Wilson’s son, Lee, is director of missions at Dogwood Trails Baptist Area in Jacksonville and pastored previously. There’s daughter Ruth Ann and preacher son-in-law Johnny. The couple’s son Adam Hailes is in his first year as an International Mission Board missionary with his family in Madagascar, working with an unreached people group. Before heading overseas, Adam pastored Ridgecrest Baptist in Commerce and served on church staffs in Fort Worth and Mount Pleasant. Not all of the Welch kids went into full-time ministry. Mark, the younger son, is a banker, and Ruth Ann’s younger sister, Debbie, lives in Tyler.

The first great-grandchild to join the ministry ranks is David Thorman, student minister under his grandfather at Park Street Baptist in Greenville. And other great-grandchildren, some too young to be bothered, might well hear the same call.

Wilson Welch said he felt called to preach early on, but in his teens “the devil told me I was trying to be like my daddy.” He tried to shake off God’s leading, but at age 19 while serving in the Army Air Corps at First Baptist Church of Anchorage, Alaska, he surrendered for good. That was 1948, and he’s been preaching ever since.

Wilson Welch said seeing his father’s dedication to pastor churches through thick and thin made a lasting impression on him. As for his family’s legacy of ministry service, it’s harder to pinpoint a reason, he said.

“For me, it was seeing my dad’s ministry and dedication, when in my ministry I’ve run across several preachers who after two or three troubled churches, they threw in the towel,” Wilson Welch said. “Of course, when the devil started showing me all the things my dad had gone through, there was a three- or four-year period where I decided God hadn’t called me.”

In fact, he said he wasn’t even sure he was saved. Things began to sort themselves out after that revival service in Alaska, when he sought out prayer for clarity regarding his salvation and his calling. Out of the Army Air Corps not long after that, “God carried back to White Flat, Texas,” Wilson recalled.

“‘You’re out of my will,’” Wilson said, recalling his impression of God’s message to him. “‘You are to do what I told you to do.’ That’s when I was definite about what God had for me to do. And I was fortunate enough that he blessed me with a perfect wife.”

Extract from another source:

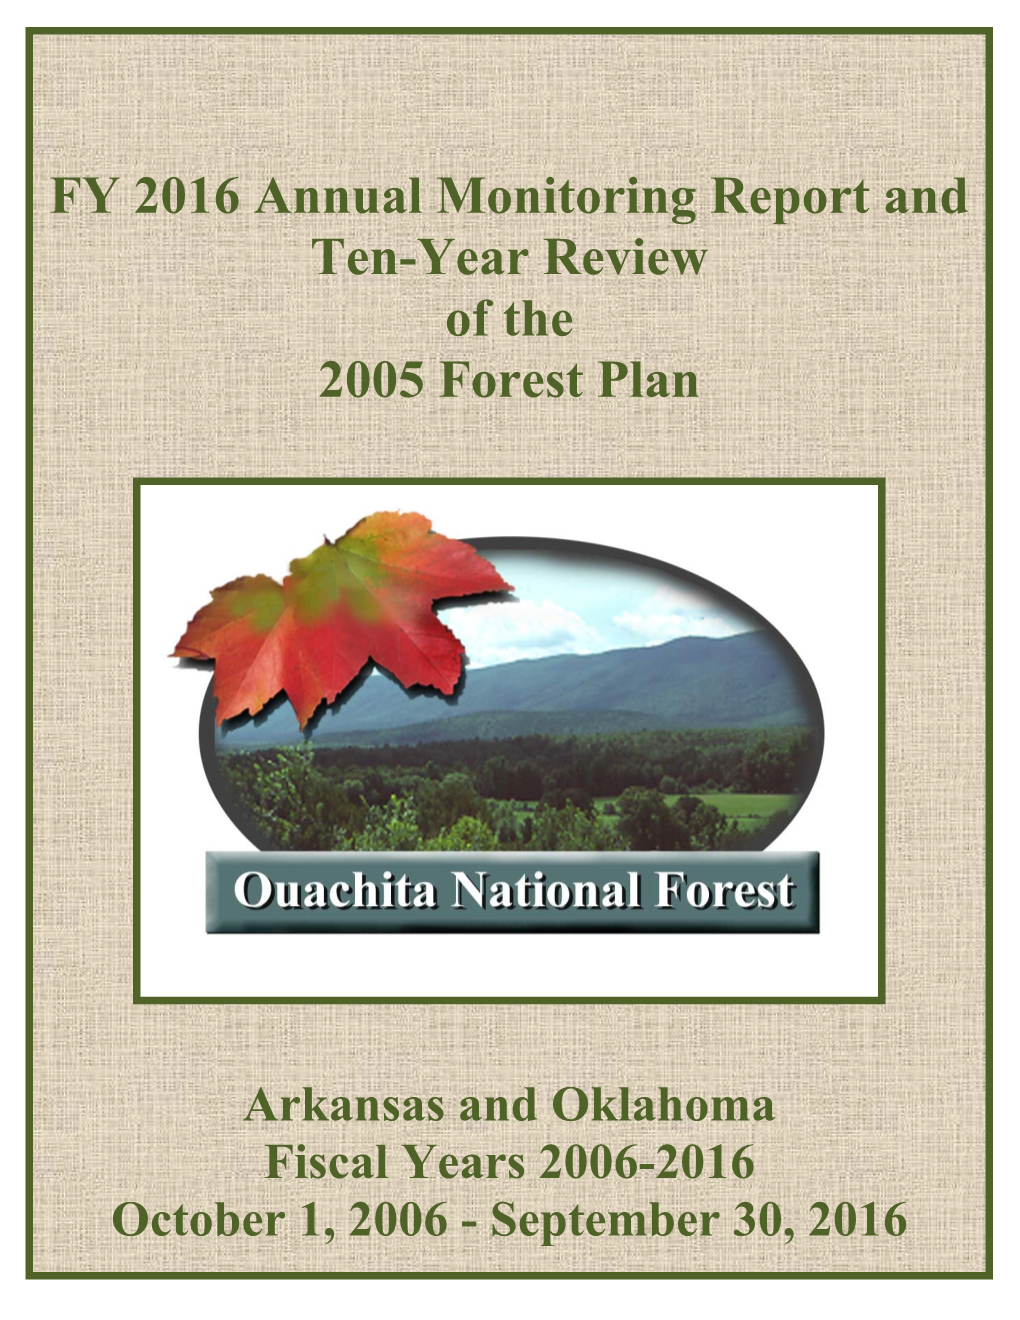 FY 2016 Annual Monitoring Report and Ten Year Review

Marie Welch, known as “Merle” to family and friends, played the piano, “which helped a lot,” Lee Welch said of his mother. “She was a sweet, sweet lady.”

A bivocational pastor with a piano-playing wife was a valuable combination in the far outposts where the family served, Lee Welch said.

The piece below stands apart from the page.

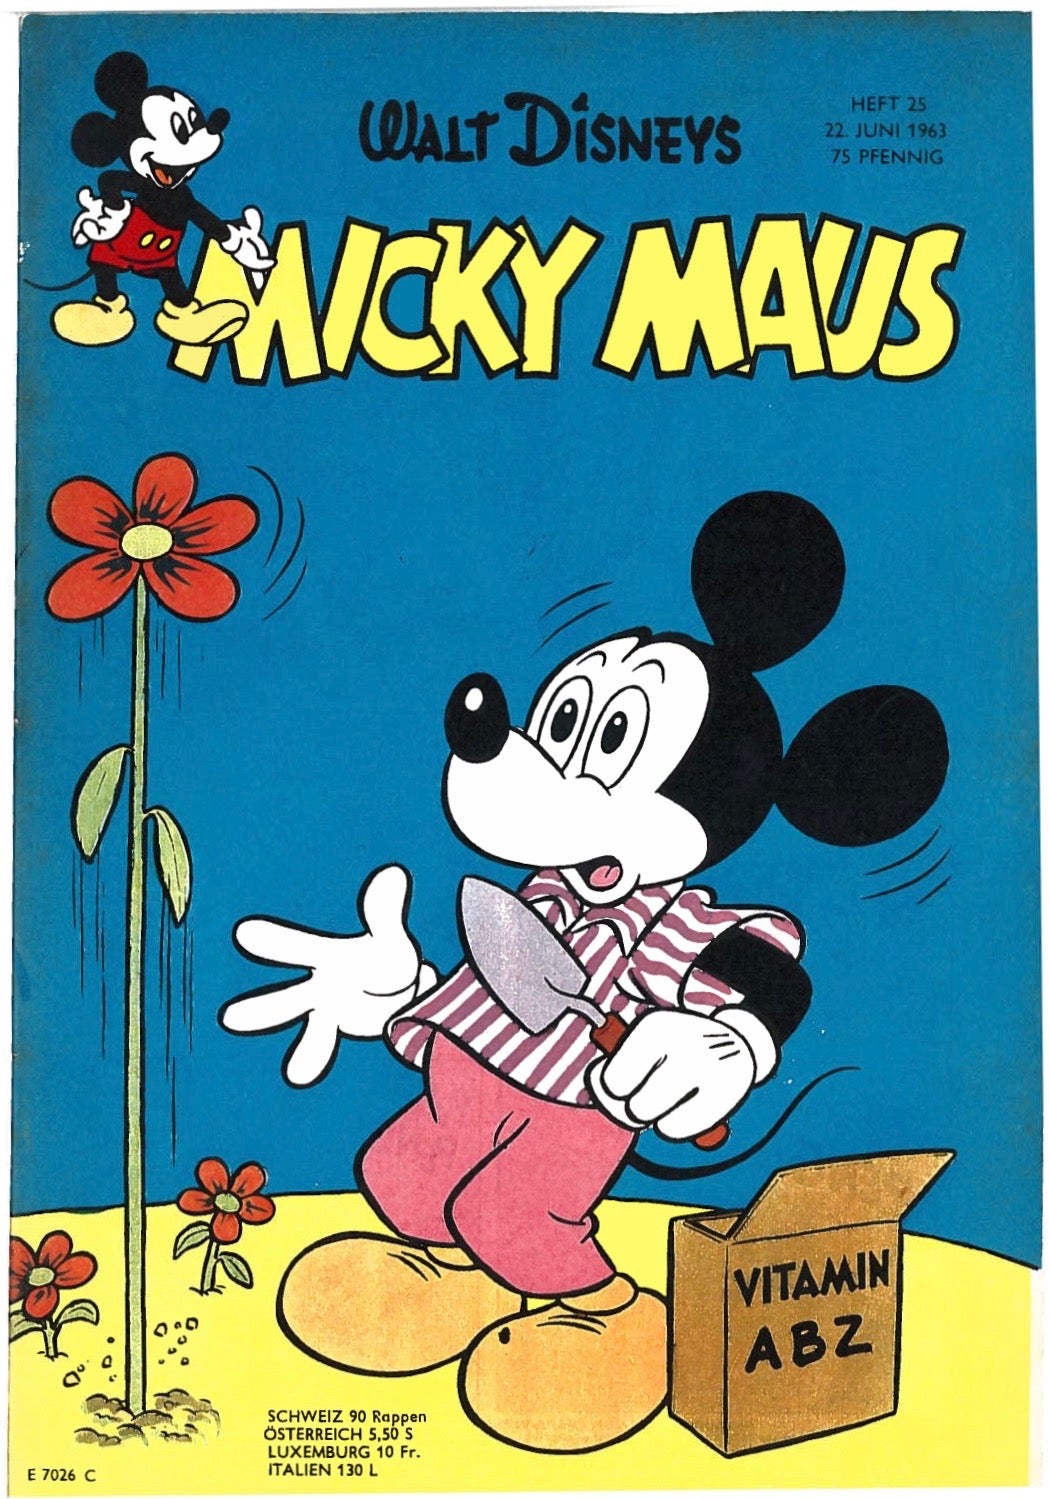 Micky Maus - 1st Edition/1st Printing by Walt Disney on Books Tell You Why,  Inc

“She was a Proverbs 31 woman,” he added. “She had a very quiet demeanor about her and was a service-oriented person.”

The couple celebrated their 50th year in ministry and their 50th wedding anniversary in the same year, 1998. Merle died in 2010 after battling Alzheimer’s.

Ruth Ann, the couple’s daughter, said her mother knew she was dying.

“‘I’m going to Heaven,’” she would say. “She would lay there and sing ‘Come on down, Lord.’ We know where she is and we are going see her again. She was a good pastor’s wife, bless her heart. She could pack in her sleep. Get ready to go to another place. Could turn any parsonage into a home, and she had some interesting ones.”

Like the church in Sedgwick, Kan., a few miles north of Wichita, where the Welches moved in 1959. The small church had a modest parsonage but no space for Sunday School. So Merle Welch, a woman with the gift of organization, Lee Welch said, would have the family up early on Sundays to make sure the parsonage could transition seamlessly into Sunday School space.

At Maljamar Baptist Church in Maljamar, N.M., the membership of oilfield workers and their families would change every eight or 10 months, Wilson Welch recalled. The ministry involved a few months’ investment into a group of souls, only to see them move away to their next work assignment.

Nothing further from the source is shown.